Also according to this production process the weld crack parameter for steel composition Pcm (Pcm = [C] + [Si] / 30 + [Mn] / 20 + [Cu] / 20 + [ Ni] / 60 + [Cr] / 20 + [Mo] / 15 + [V] / 10 + 5 [B] where [C], [Si], [Mn], [Cu], [Ni], [ Cr], [Mo], [V] and [B] represent the contents of C, Si, Mn, Cu, Ni, Cr, Mo, V and B expressed in mass%) can be kept low, ie Pcm <0.18, to provide a high tensile steel with tensile strength limit in the class of 570 MPa or greater that has excellent weldability characterized by high weld heat affected zone stiffness even at large heat input.

The following inventors have now conducted a study of the problem experienced by the invention of ‘819 of a decline in yield stress in the thick steel center thickness region of the order of 30 to 100 mm in thickness. They produced steels of the compositions shown in Table 1, processed the plates obtained in 50 mm thick plates under the production conditions shown in Table 2, test pieces sampled in the 1Λ thickness region (1Λ t region) and central thickness region. (t 1/4), and measured their yield strength and tensile strength limit according to the JIS Z 2241 process using JIS Z 2201 No. 4 rod tensile test pieces. Results are shown in Table 2.

Table 1 * Pcm = C + Si / 30 + Mn / 20 + Cu / 20 + Ni / 60 + Cr / 20 + Mo / 15 + V / 10 + 5B ** A = (Nb + 2 Ti) x (C + N x 12/14) Table 2 T = 6300 / (1.9 - LogA) - 273; A = (Nb + 2 Ti) x (C + N x 12/14) [0031] It can be seen from Table 2 that yield strength and tensile strength limit in the region of ¼ t and tensile strength limit in the region of ½ t meet the desired values but the yield stress was low in the center thickness region and does not achieve the desired 450 MPa value. The inventors conducted an in-depth study of the reason for this result and learned that the martensite island formed in the center-thickness region decreased the yield stress of this region and although in the case of the combination of composition and production process shown in '819 , martensite island quickly formed in the center region of thick steel thickness of a plate thickness of about 30 to 100 mm.

The inventors therefore investigated the effect of sea-tensite island on yield stress (higher yield point or 0.2% proof stress). They first produced steels of the compositions shown in Table 3, processed the plate obtained in 50 mm thick plates under the production conditions shown in Table 4, and calculated the martensite island volume ratios in the center thickness regions (regions (½ t) based on observation of 10 fields within a range of 100 mm x 100 mm using 500x frame micrographs. They also sampled test pieces in the ½ t regions of the test plates, and measured their yield strength in accordance with the JIS Z 2241 process using JIS Z 2201 No. 4 rod tensile test pieces. Results are shown in Table 4 and Figure 1.

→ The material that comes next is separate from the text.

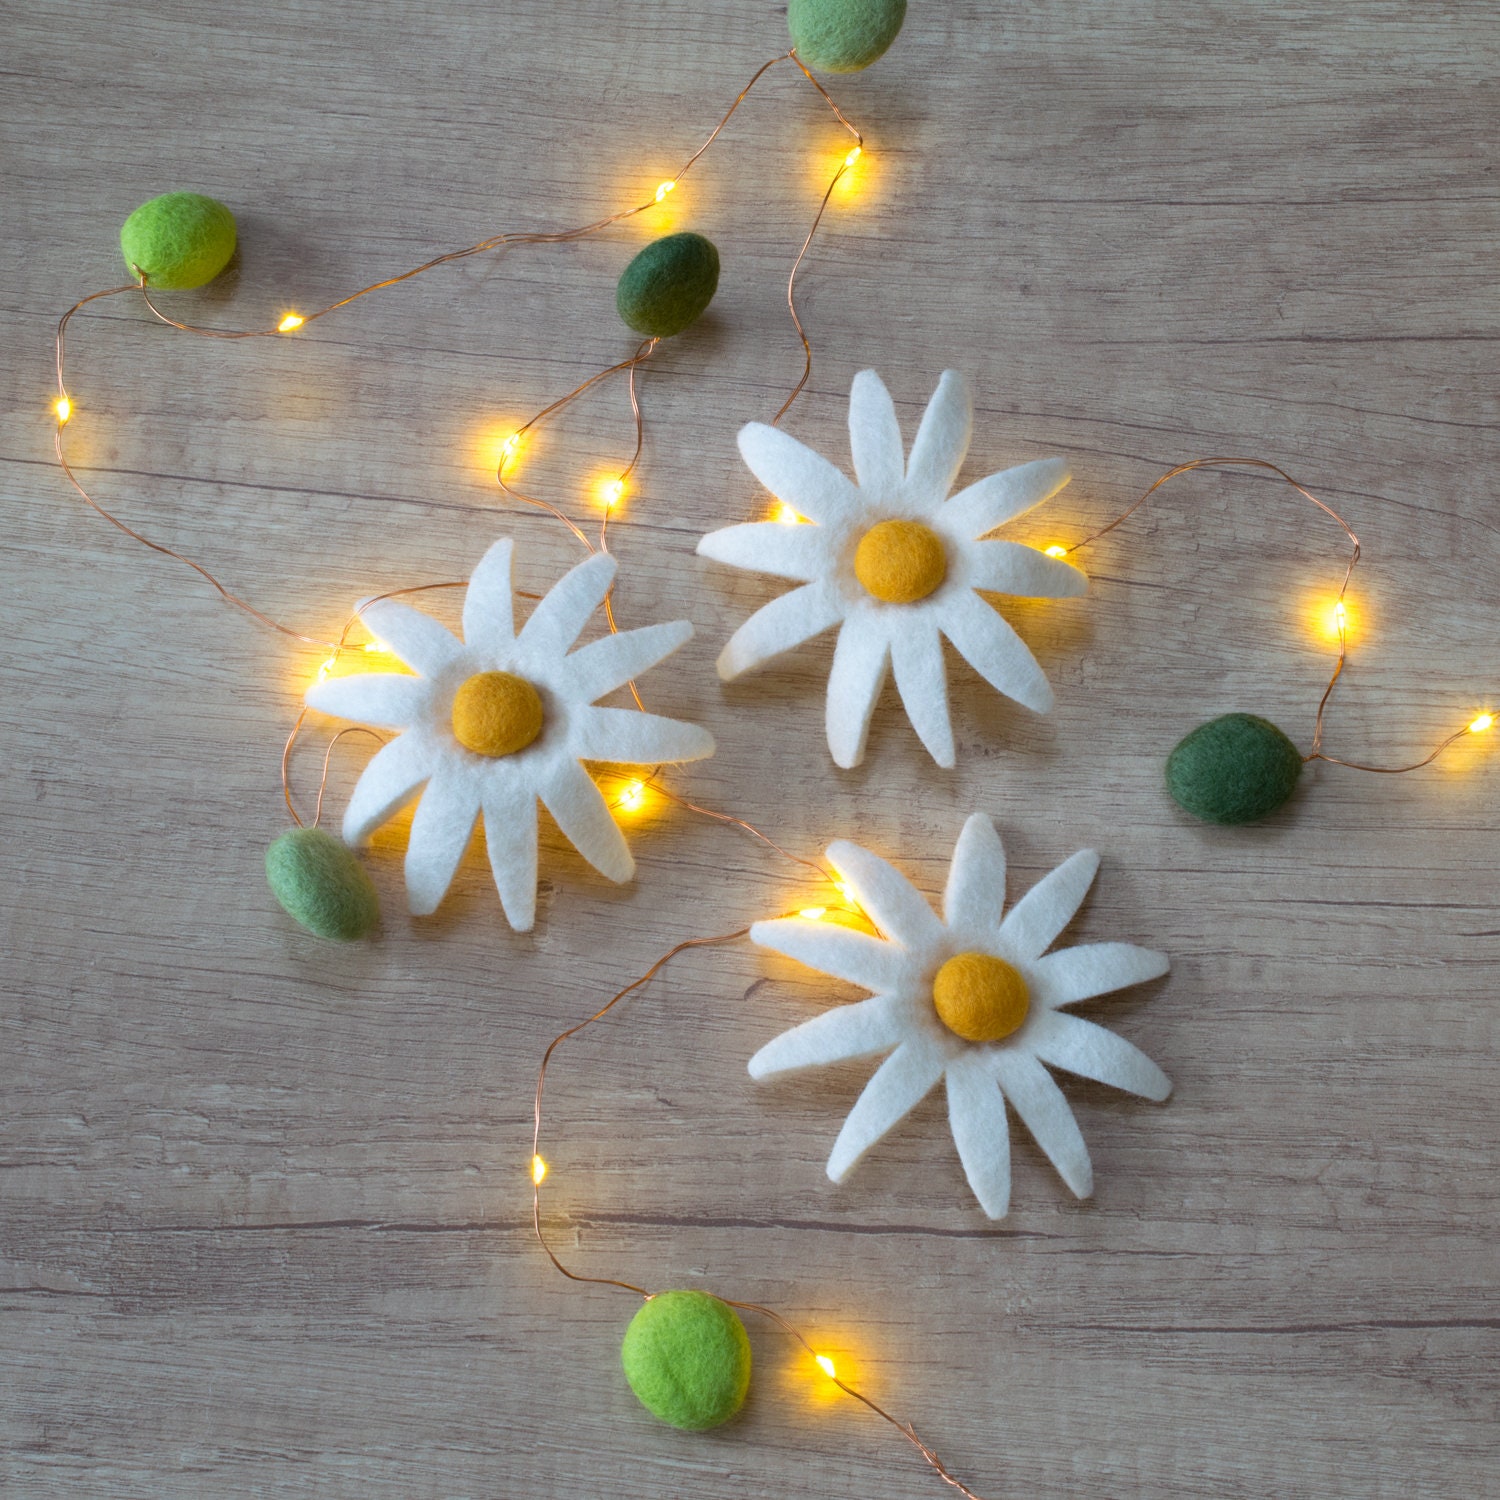 Felt Daisy Garlands for Decorations Spring Party Decor

Table 3 * Pcm = C + Si / 30 + Mn / 20 + Cu / 20 + Ni / 60 + Cr / 20 + Mo / 15 + V / 10 + 5B ** A = (Nb + 2 Ti) x (C + N x 12/14) T = 6300 / (1.9 - LogA) - 273; A = (Nb + 2 Ti) x (C + N x 12/14) It can be seen from Figure 1 that when sea-tensite island is present at a volume ratio of 3% or more, voltage runoff declines sharply. The reason for this is that the shape of the stress - strain curve in the tensile test changes greatly in the yield stress region. Specifically, as illustrated diagrammatically by the steel designated A in Figure 2, the stress-strain curve of a steel in which martensite island is not present has a higher degree of elasticity. On the other hand, as illustrated diagrammatically by the steel designated B in Figure 2, the stress - strain curve of a steel in which martensite island is present in a ratio of few percent by volume is rounded without the appearance of a distinct higher degree of elasticity. . This is because yield occurs locally (local yield) during low stress load before a higher degree of elasticity appears, so that the yield stress when measured at 0.2% test stress is less than the yield stress of a steel in which a higher degree of elasticity arises. The yield stress measured at 0.2% test stress of a steel in which martensite island is present is therefore markedly lower than that of a steel in which martensite island is not present. It is unclear why local yield (local yield) occurs during tensile stress loading of a steel including martensite island but it is believed to be due to martensite island formation being accompanied by the introduction of moving displacements caused by martensite transformation expansion into grains. ferrite and / or sheathed grains adjacent to the martensite island, so that local yield (local yield) is effected by local movement of the moving displacements at the moment of low stress loading during tensile testing.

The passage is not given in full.